The History of Python: 2013

I received an interesting question in the mail recently:

What is the difference between keywords and literals? Why are True and False keywords rather than literals in python3?

I was horrified recently to find that assigning to True/False works in python2. So I went digging, and found that True and False were created to be 'constants' like None in PEP 285. Assignment to None was disallowed in 2.4, but not to True/False until python3. Was there a reason None was originally built as a variable rather than a literal?

Let's start with the first question: keywords and literals.

A keyword, in the context of defining the syntax of a language, also known as a reserved word, is something that looks like an identifier in the language, but from the parser's point of view act like a token of the language.
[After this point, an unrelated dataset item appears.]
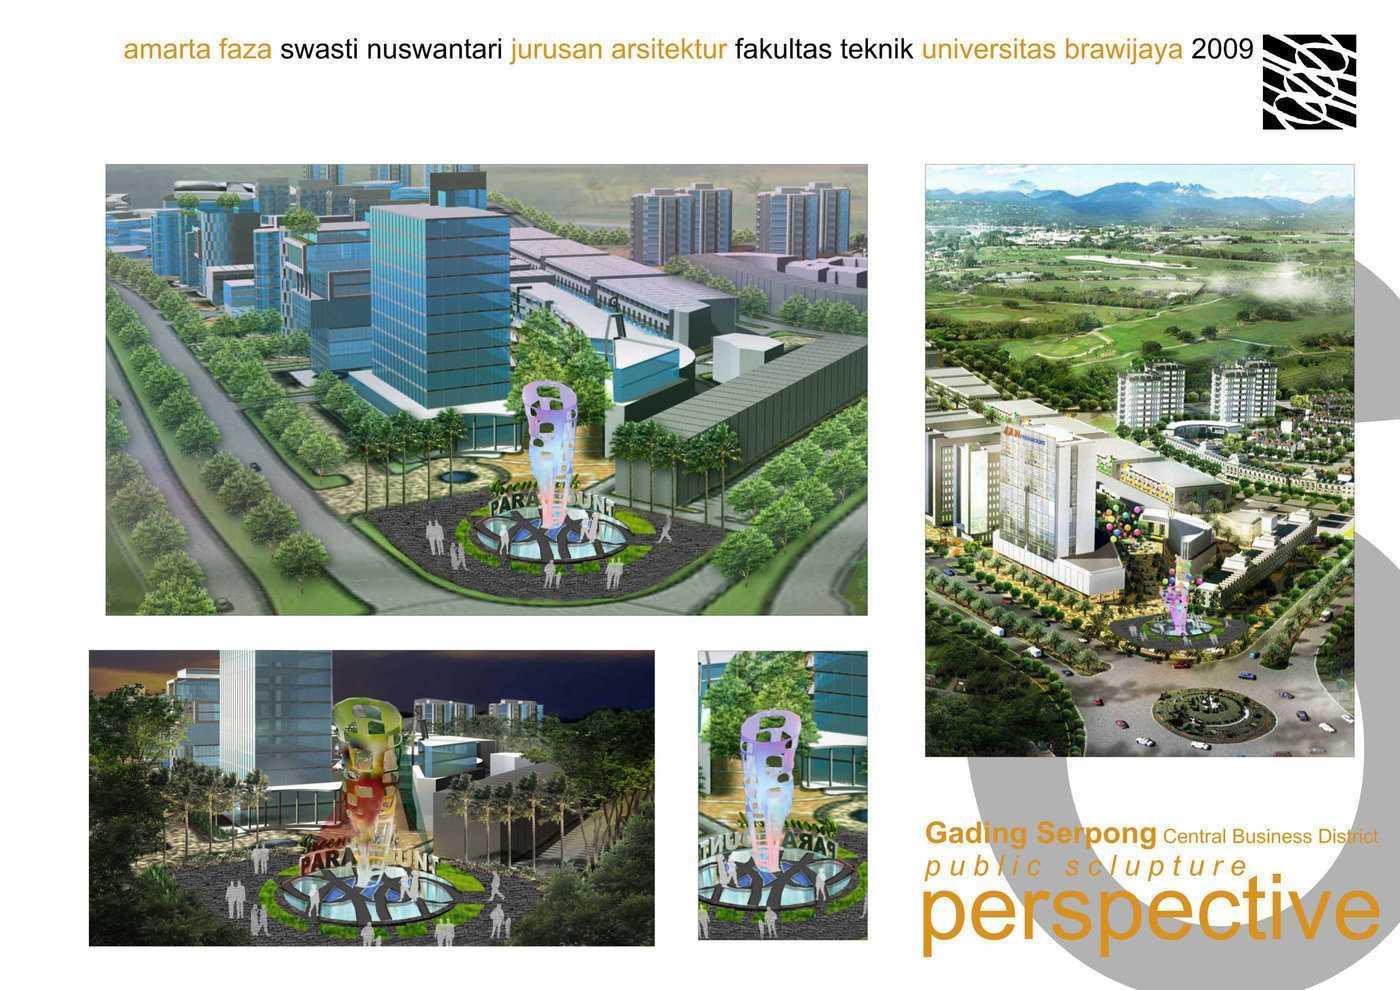 Amarta Faza Design Competition & Concept Indonesia Indonesia Amarta-Faza-Design-Competition-Concept  93688

An identifier is defined as a sequence of one or more letters, digits and underscores, not starting with a digit. (This is Python's definition, but many languages, like C or Java, use the same or a very similar definition.)

The important thing to remember about keywords is that a keyword cannot be used to name a variable (or function, class, etc.). Some well-known keywords in Python include 'if', 'while', 'for', 'and', 'or'.

A literal, on the other hand, is an element of an expression that describes a constant value. Examples of literals are numbers (e.g. 42, 3.14, or 1.6e-10) and strings (e.g. "Hello, world"). Literals are recognized by the parser, and the exact rules for how literals are parsed are often quite subtle. For example, these are all numeric literals in Python 3:

123
1.0
1.
.01e10
.1e+42
123.456e-100
0xfffe
0o755

but these are not:

. (dot)
e10 (identifier)
0y12 (the literal 0 followed by the identifier y12)
0xffe+10 (the literal 0xffe followed by a plus sign and and the number 10)

Note the distinction between a constant and a literal. We often write code defining "constants", e.g.

MAX_LEVELS = 15

Here, 15 is a literal, but MAX_LEVELS is not -- it is an identifier, and the all-caps form of the name suggests to the reader that it is probably not changed anywhere in the code, which means that we can consider it a constant -- but this is just a convention, and the Python parser doesn't know about that convention, nor does it enforce it.

On the other hand, the parser won't let you write

15 = MAX_LEVELS

This is because the left-hand side of the assignment operator (=) must be a variable, and a literal is not a variable. (The exact definition of variable is complex, since some things that look like expressions are also considered to be variables, such as d[k], (a, b), and foo.bar -- but not f() or () or 42. This definition of variable is also used by the "del" statement.)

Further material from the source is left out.